*** Opening INPUT FOR THIS TASK ***

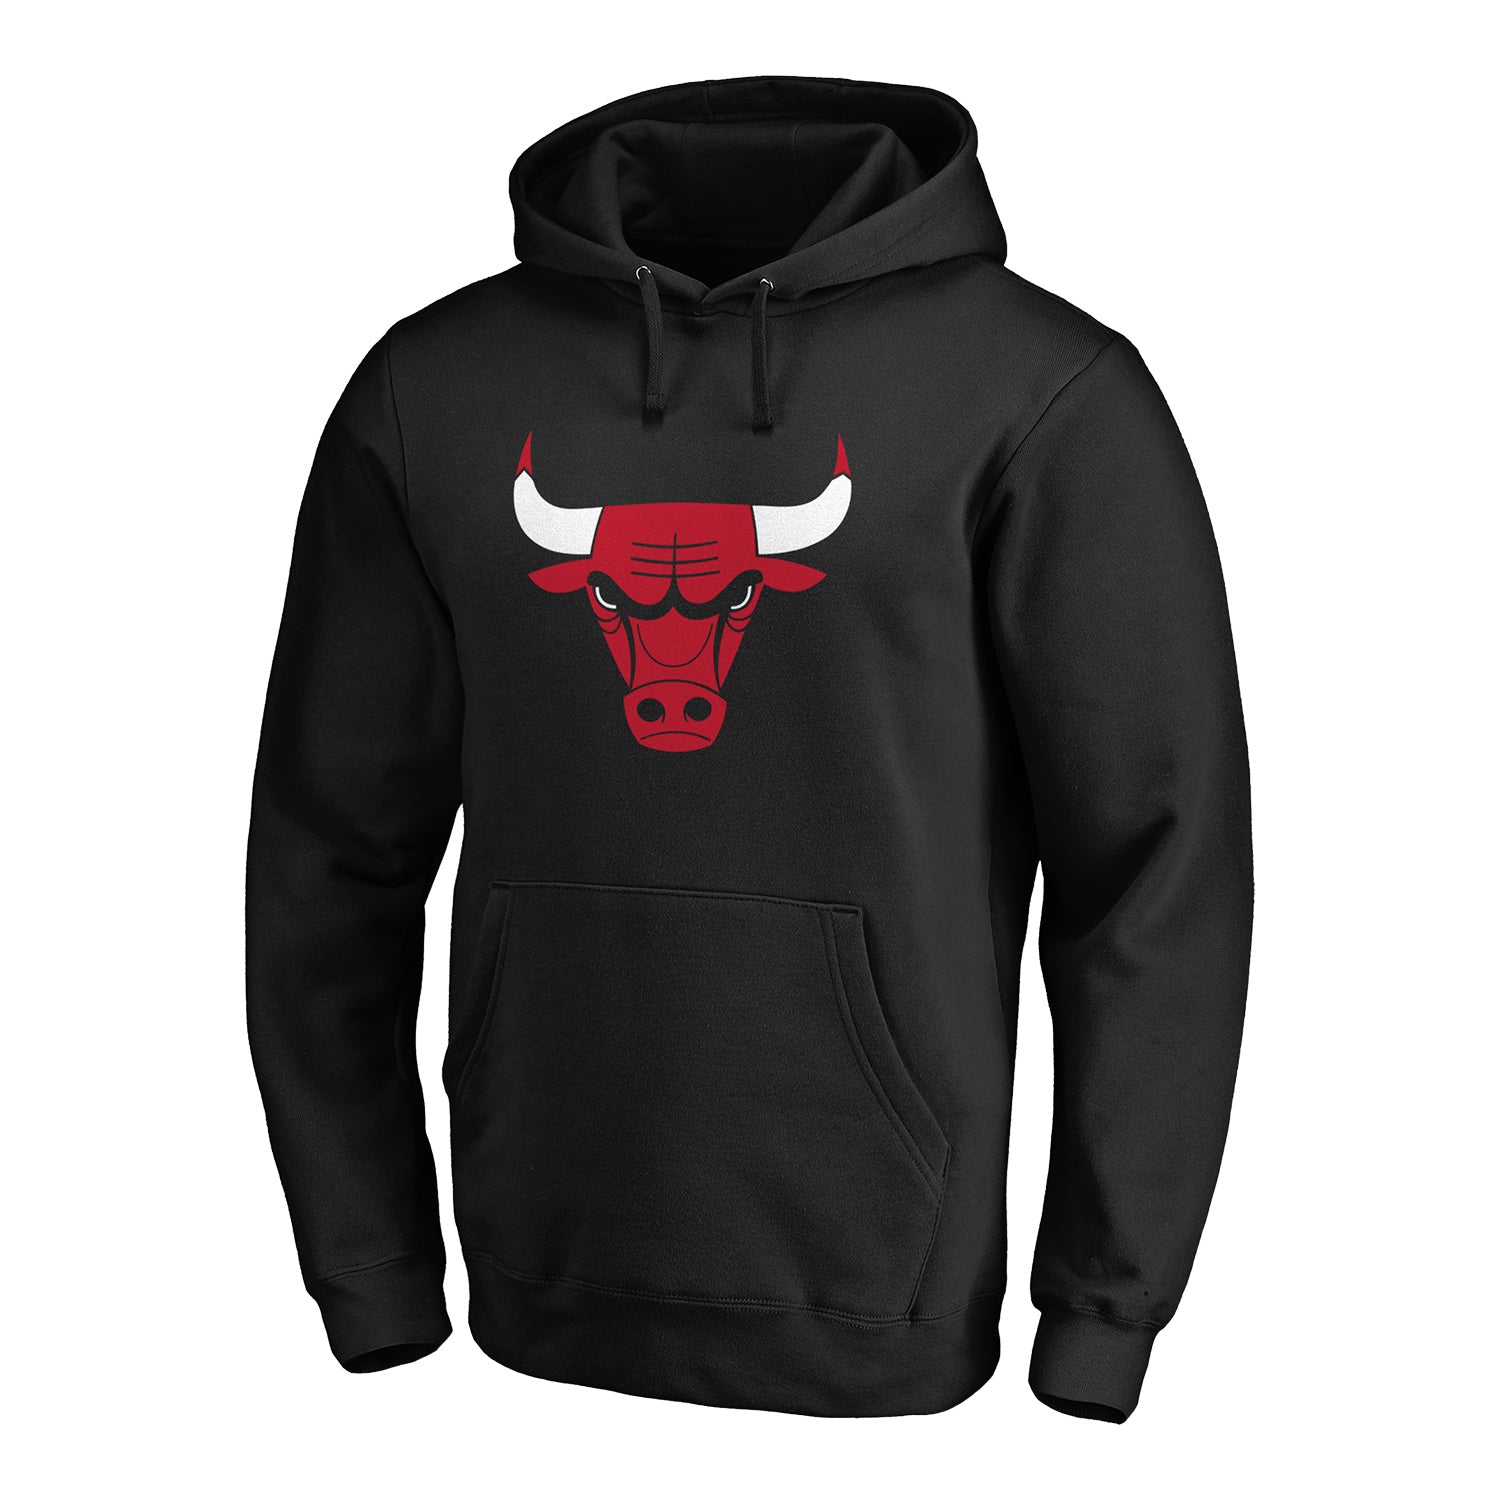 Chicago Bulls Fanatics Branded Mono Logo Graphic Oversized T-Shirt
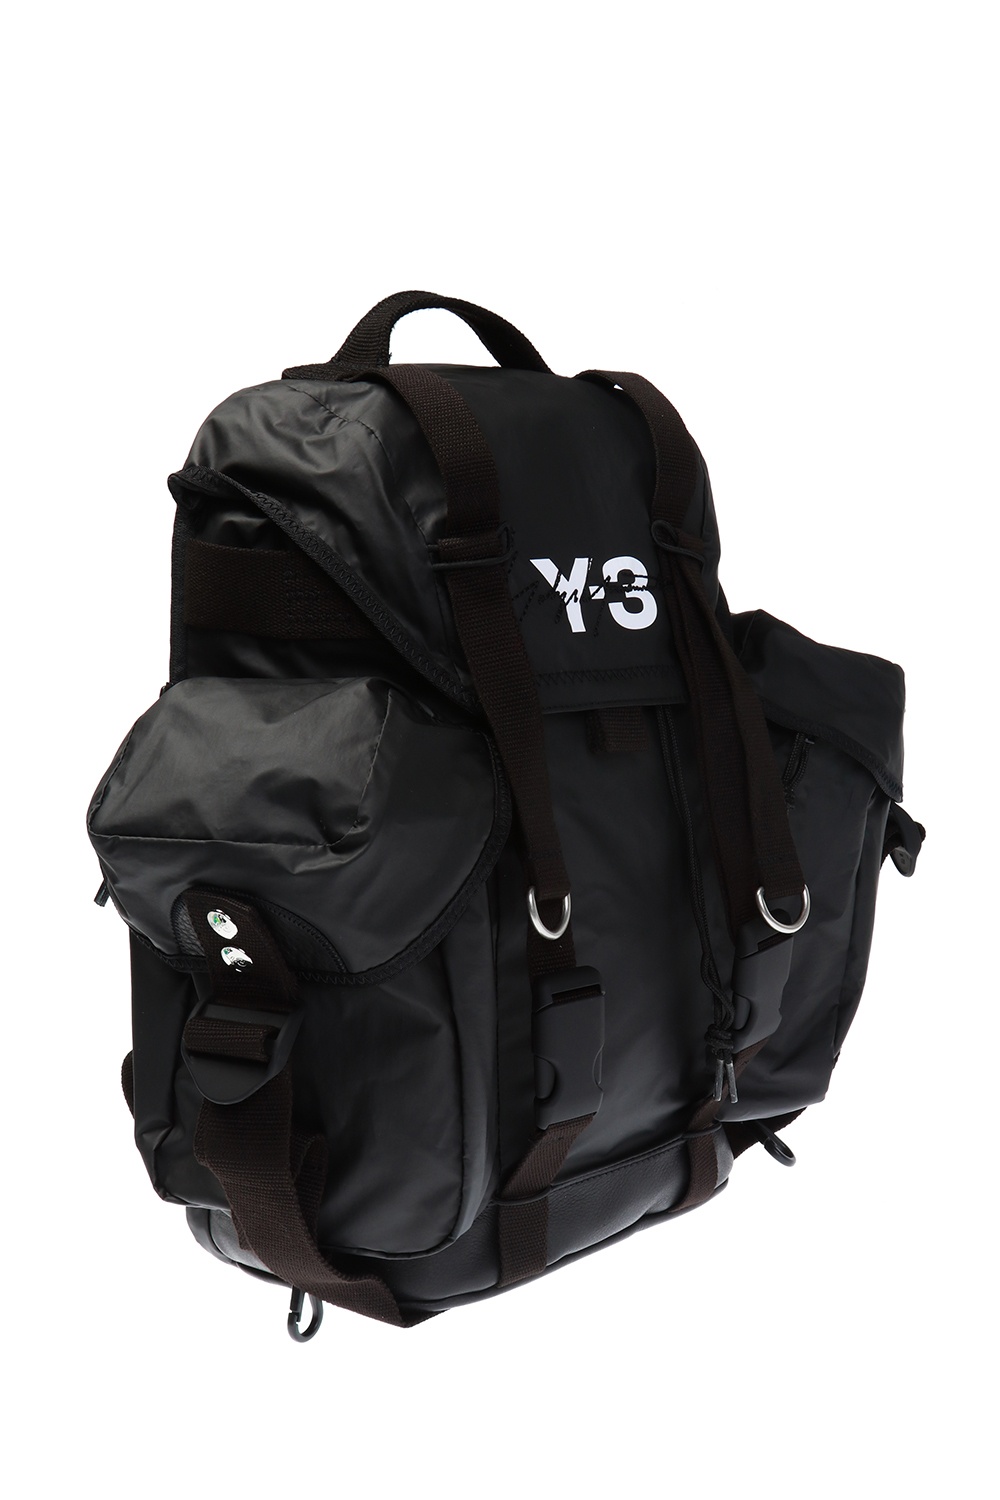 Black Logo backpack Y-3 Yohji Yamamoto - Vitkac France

*** Closing INPUT FOR THIS TASK ***
*** Opening INPUT FOR THIS TASK ***

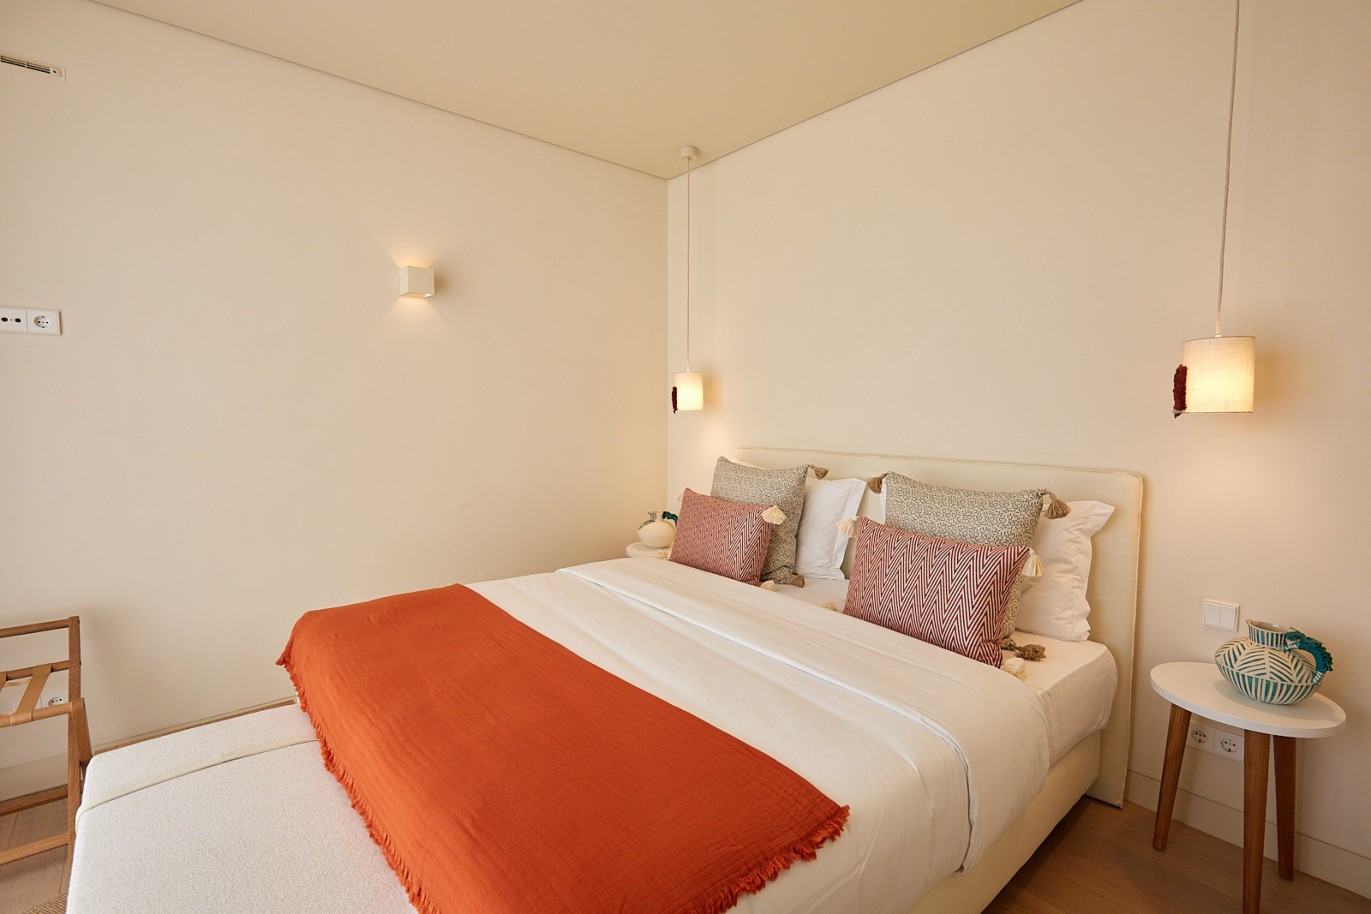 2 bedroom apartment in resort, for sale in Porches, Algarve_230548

*** Closing INPUT FOR THIS TASK ***

Transcribe exactly the lines above, beginning at the one with "Chicago Bulls Fanatics" and going up to and including the one with "Black Logo backpack". Pictures do not belong in the copy.

RESULT FOR THIS EXERCISE:
 Chicago Bulls Fanatics Branded Mono Logo Graphic Oversized T-Shirt
 Black Logo backpack Y-3 Yohji Yamamoto - Vitkac France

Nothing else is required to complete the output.